Long lived unidirectional UDP connections trough a service failing to reach new endpoints

### Is there an existing issue for this?

- [x] I have searched the existing issues

### Version

equal or higher than v1.17.0 and lower than v1.18.0

### What happened?

Hello,

We use Cilium 1.17.0 with kube-proxy replacement mode enabled.

We have recently installed the Datadog agent on our clusters. The Datadog agent expose a Datadog service. The clients will send a continuous UDP stream (using the `statsd` protocol) to this service.

At first, everything seemed to work well, but after a few days we noticed an extreme increase in the number of dropped packets reported by Hubble exporter.

After investigation, these packets were drop as the destination IP was no longer the IP of an existing Datadog pod (that would register as an endpoint in the Datadog service).

Once we restart the Datadog Daemonset, the `statsd` protocol stop working.

I started to try to understand how Cilium ended up in this state.
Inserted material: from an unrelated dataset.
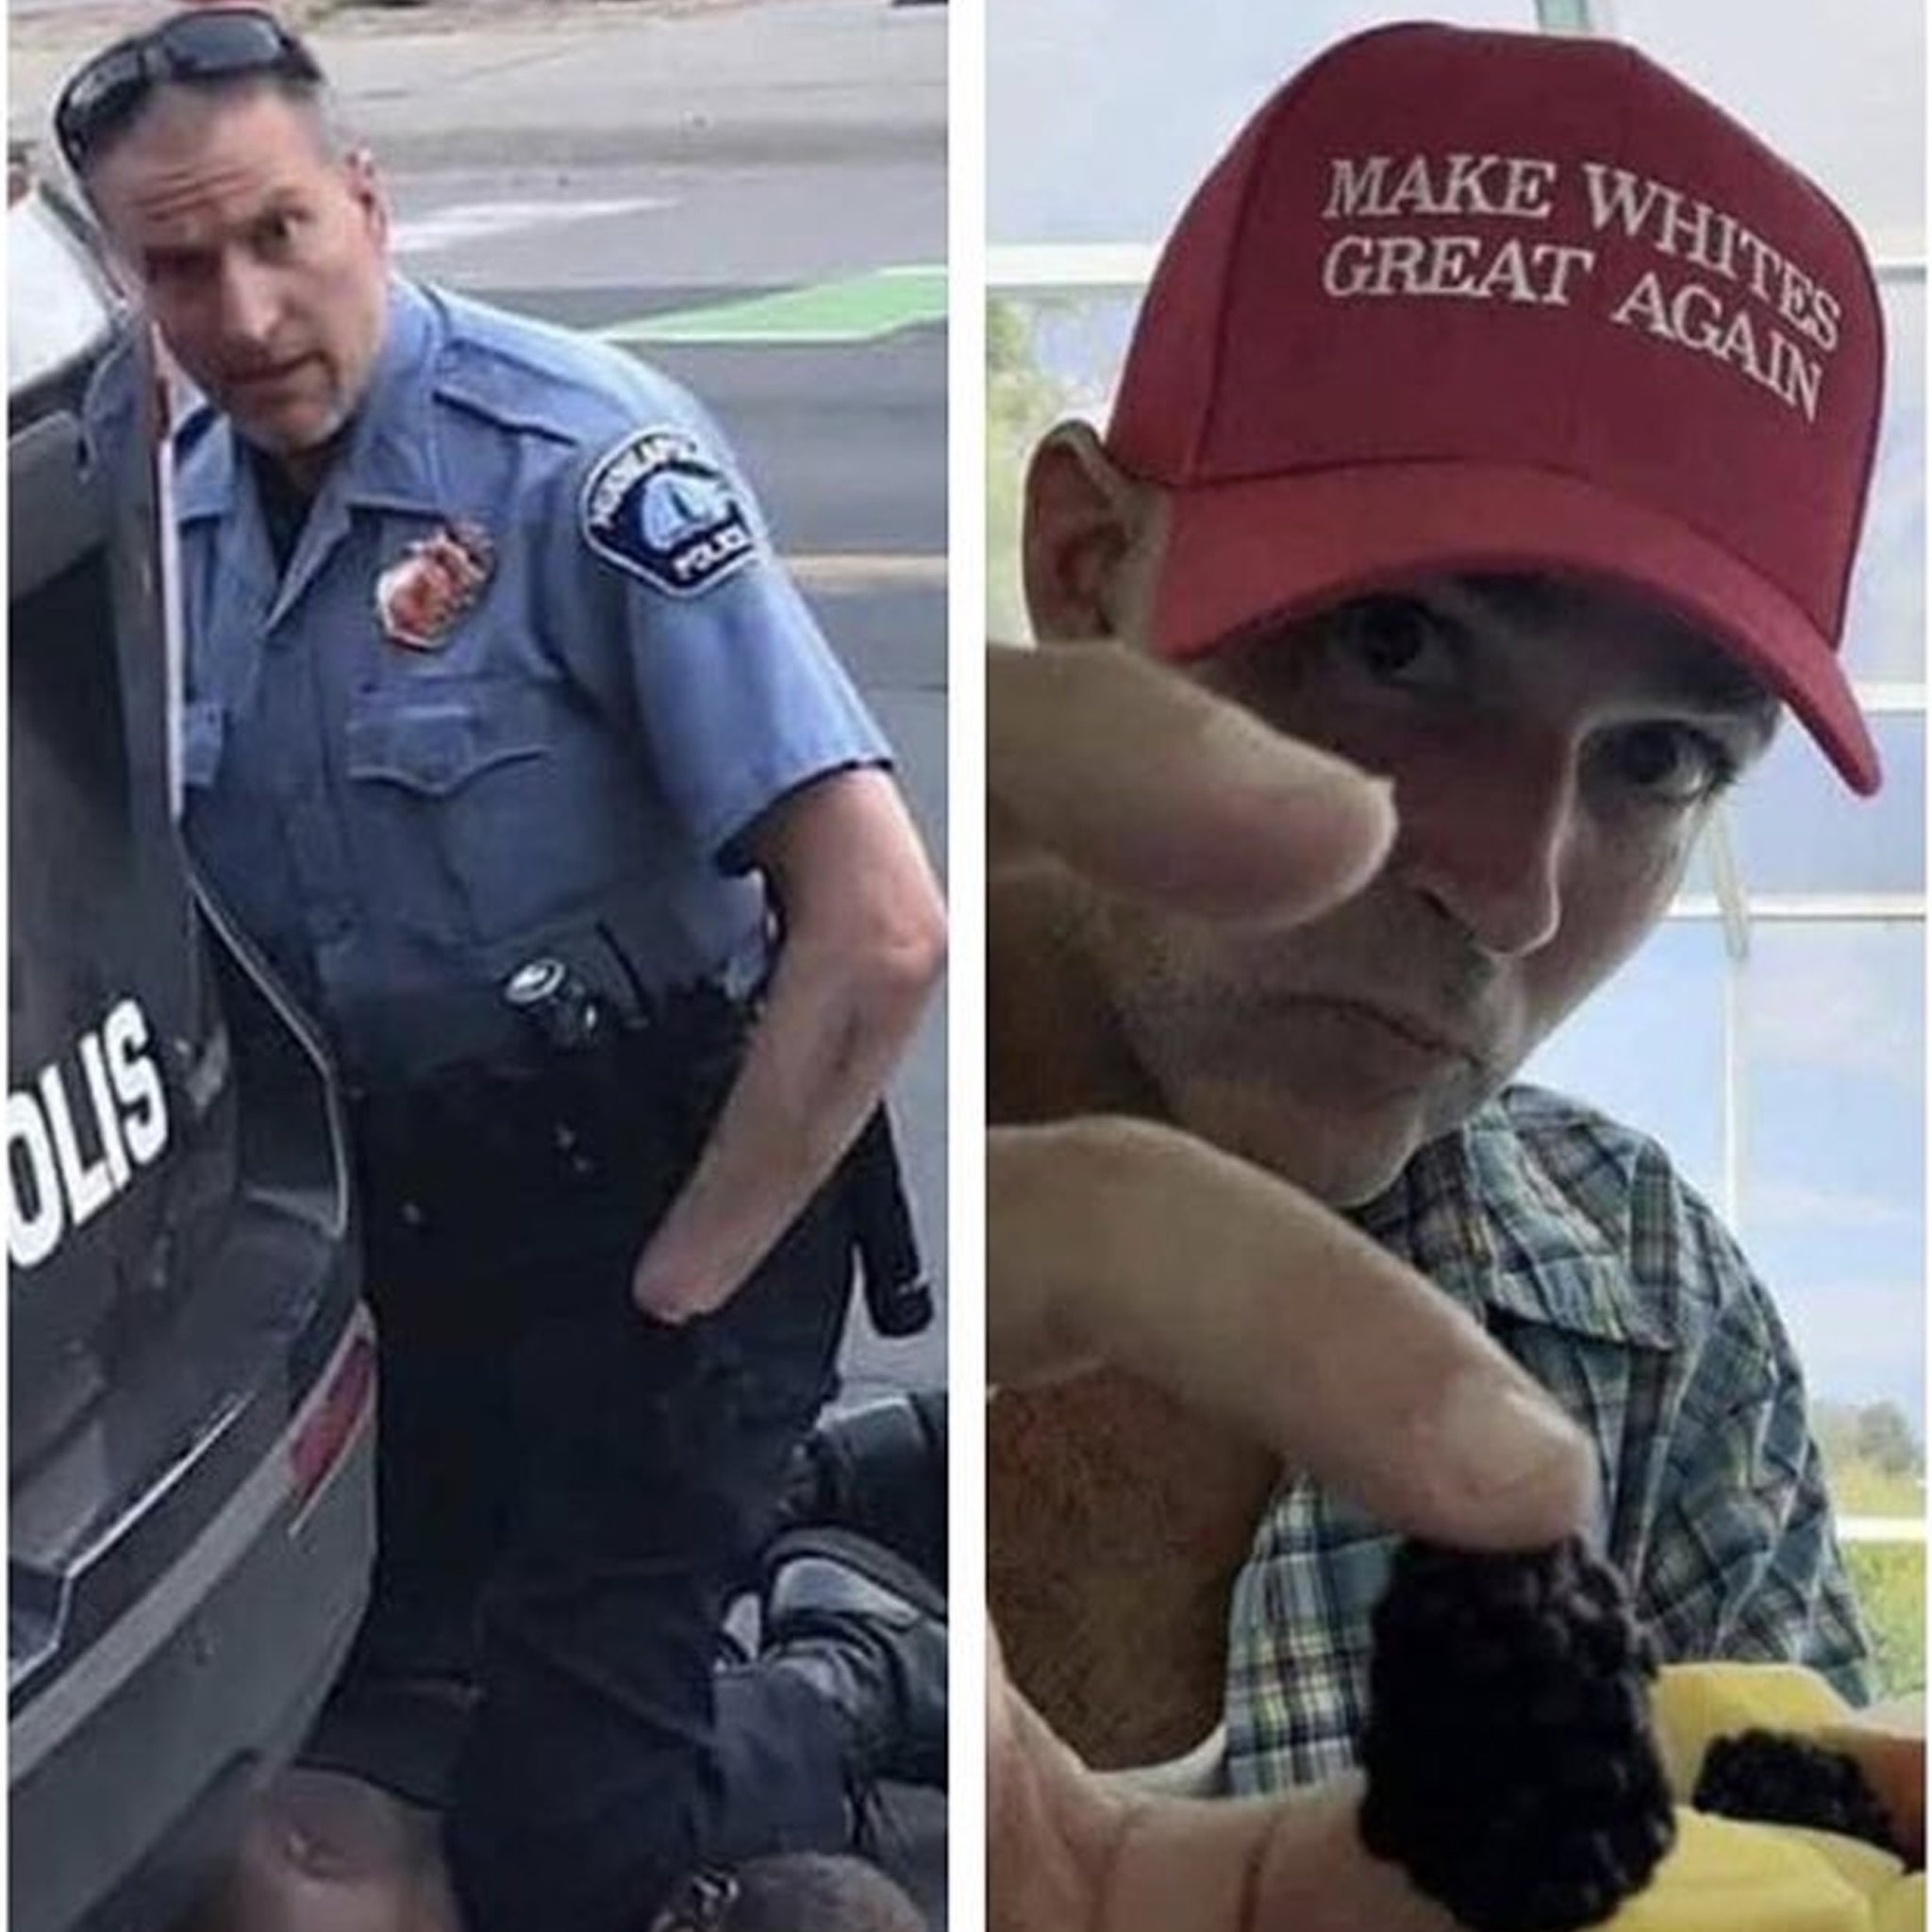 Make Whites Great Again' Guy Is Not George Floyd Cop, But Professional  Troll Jonathan Lee Riches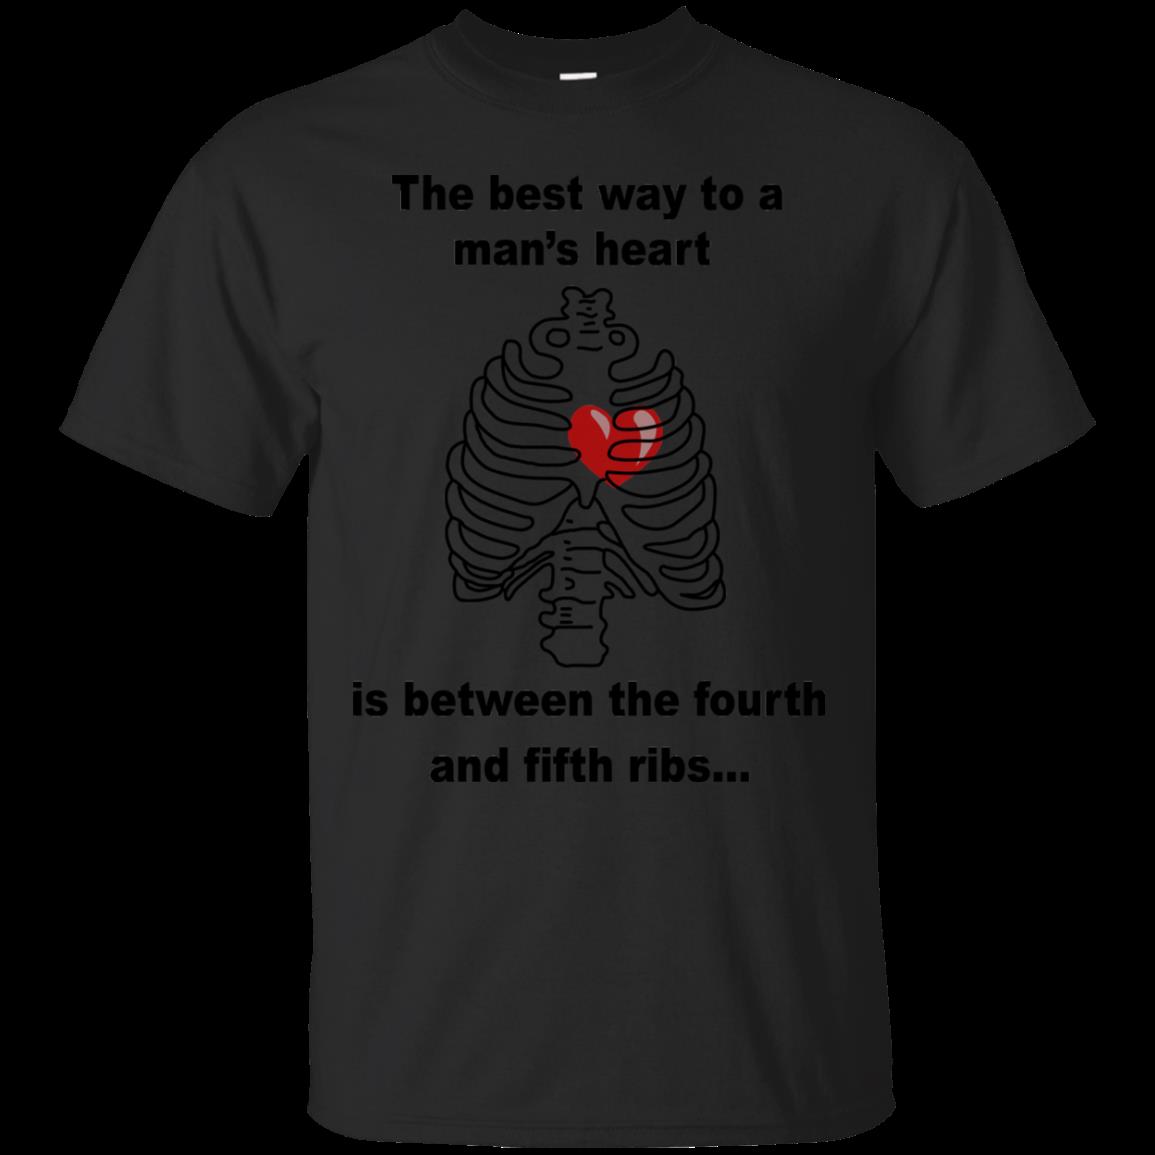 Anatomy Shirts The Best Way To A Man's Heart

My theory is that when we open a socket with a service IP, the service IP will be replaced by an endpoint IP in the following Kernel function (on RHEL9) by Cilium eBPF:

[https://elixir.bootlin.com/linux/v5.14/source/kernel/bpf/cgroup.c#L1066](https://elixir.bootlin.com/linux/v5.14/source/kernel/bpf/cgroup.c#L1066)

As this happen at socket creation, each time the Datadog agent will use the `write` syscall on the socket file descriptor, the IP of the endpoint found in the sock structure will be used.

This is something that work very well for TCP connections as they will be broken when the old endpoints are stopped and then be reopened later. It also doesn't cause issue with short lived UDP connections. But this cannot work for long lived unidirectional UDP connections as the source have no way to know that the socket must be reopened.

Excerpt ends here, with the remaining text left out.